Faut-il ouvrir un restaurant kasher à Jérusalem ?

Les nombreux entrepreneurs qui souhaitent ouvrir un restaurant à Jérusalem se trouvent face à un sérieux dilemme relatif au problème de la kashrout. D’une part, un restaurant kasher à Jérusalem va attirer de nombreux clients pendant la semaine mais en fin de semaine, personne ne viendra. D’autre part, un restaurant non kasher à Jérusalem pourra préserver une clientèle religieuse en fin de semaine seulement, mais en semaine il devra renoncer à cette clientèle.
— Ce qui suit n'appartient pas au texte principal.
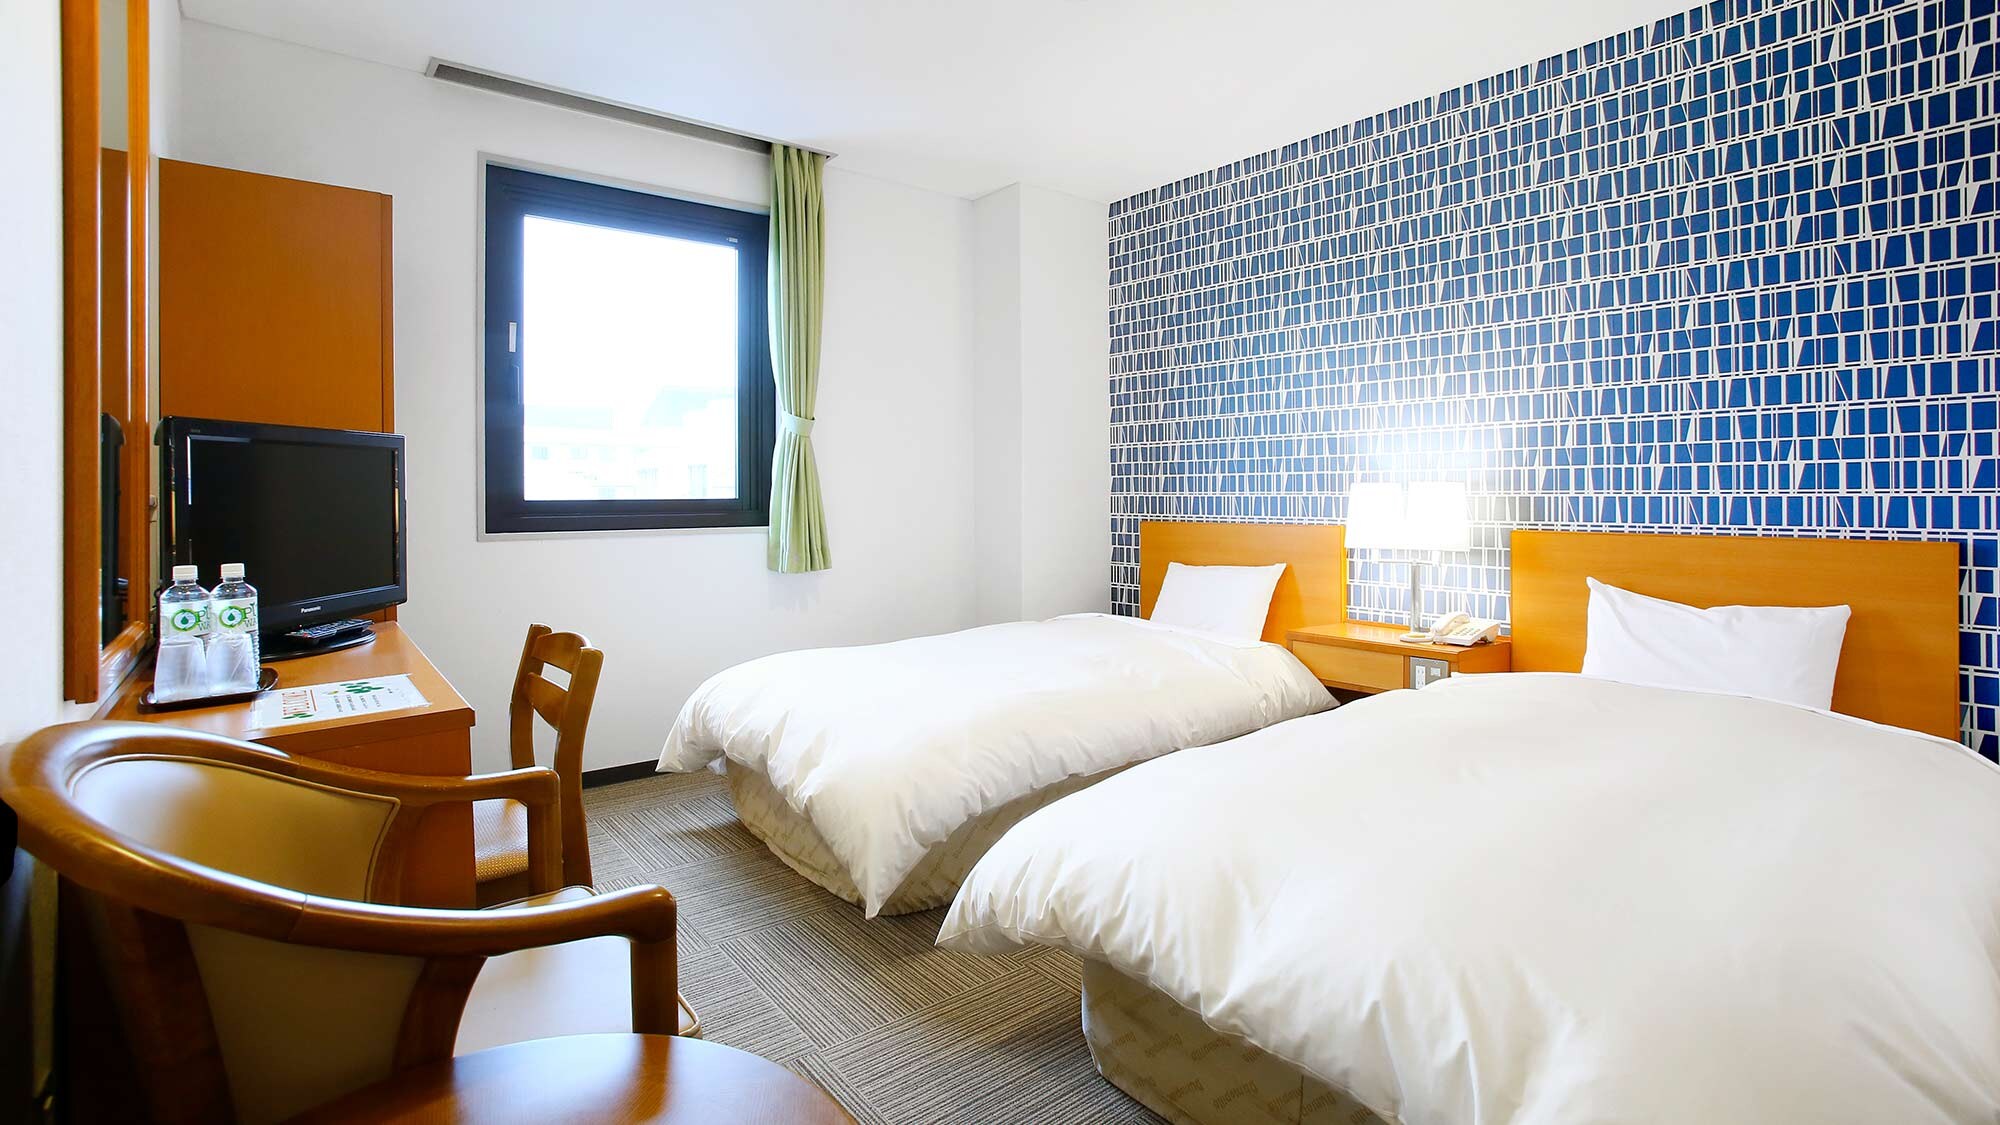 ・ Twin room: Please spend a relaxing time in a spacious room

Dans les lignes qui suivent, nous ne prendrons pas en compte les rares clients religieux qui sont prêts à faire des concessions et entrer dans un restaurant non cacher, dans lequel ils commanderont des plats non interdits.

Quels sont les lieux de divertissement fréquentés par le secteur orthodoxe à Jérusalem ?

La raison pour laquelle nous ne nous attardons pas sur ce type de clientèle est que les porteurs de kipa crochetée à Jérusalem sont vraiment une minorité parmi les religieux nationalistes.

L’article présent va se concentrer principalement sur la population religieuse, laïque et religieuse nationaliste.

En dépit de la kashrout répandue dans le quartier de Emek Refaim à Jérusalem et dans les autres restaurants du centre ville, la plupart des orthodoxes, pour ne pas dire tous, évitent de les fréquenter. N’oublions pas que chez les orthodoxes, selon la loi religieuse, il est interdit de s’installer dans les cafés, les restaurants et beaucoup d’autres endroits de divertissement.

Changement de tendances culturelles à Jérusalem

Il en résulte ainsi que dans la région de Bnei Brak ou dans le quartier de Mea Shearim, il n’existe aucun établissement de restauration excepté des comptoirs de falafels.

Par contre, le secteur religieux à Jérusalem ainsi que le public traditionaliste ont pour habitude de fréquenter de nombreux lieux de loisirs et parmi eux, les restaurants kasher de Jérusalem. Ils ont adopté des comportements propres aux laïques. Cette tranche de clientèle représente aujourd’hui 50% de l’ensemble des habitants de Jérusalem qui profitent de ce type de divertissement. Il s’agit de nouveaux comportements qui se reflètent depuis peu dans la ville, alors qu’il y a à peine une quinzaine d’années, ce public n’avait pas l’habitude de fréquenter les restaurants de la ville.

Les endroits, comme Emek Refaim à Jérusalem, sont généralement remplis de ce genre de clientèle tout au long de la journée et plus particulièrement le soir. La tranche d’âge de cette clientèle habituée à fréquenter les restaurants kasher change en fonction du type et du caractère du restaurant. Ainsi, la plupart de la clientèle jeune fréquente les restaurants bons marchés et le public plus âgé choisit plutôt les restaurants gastronomiques.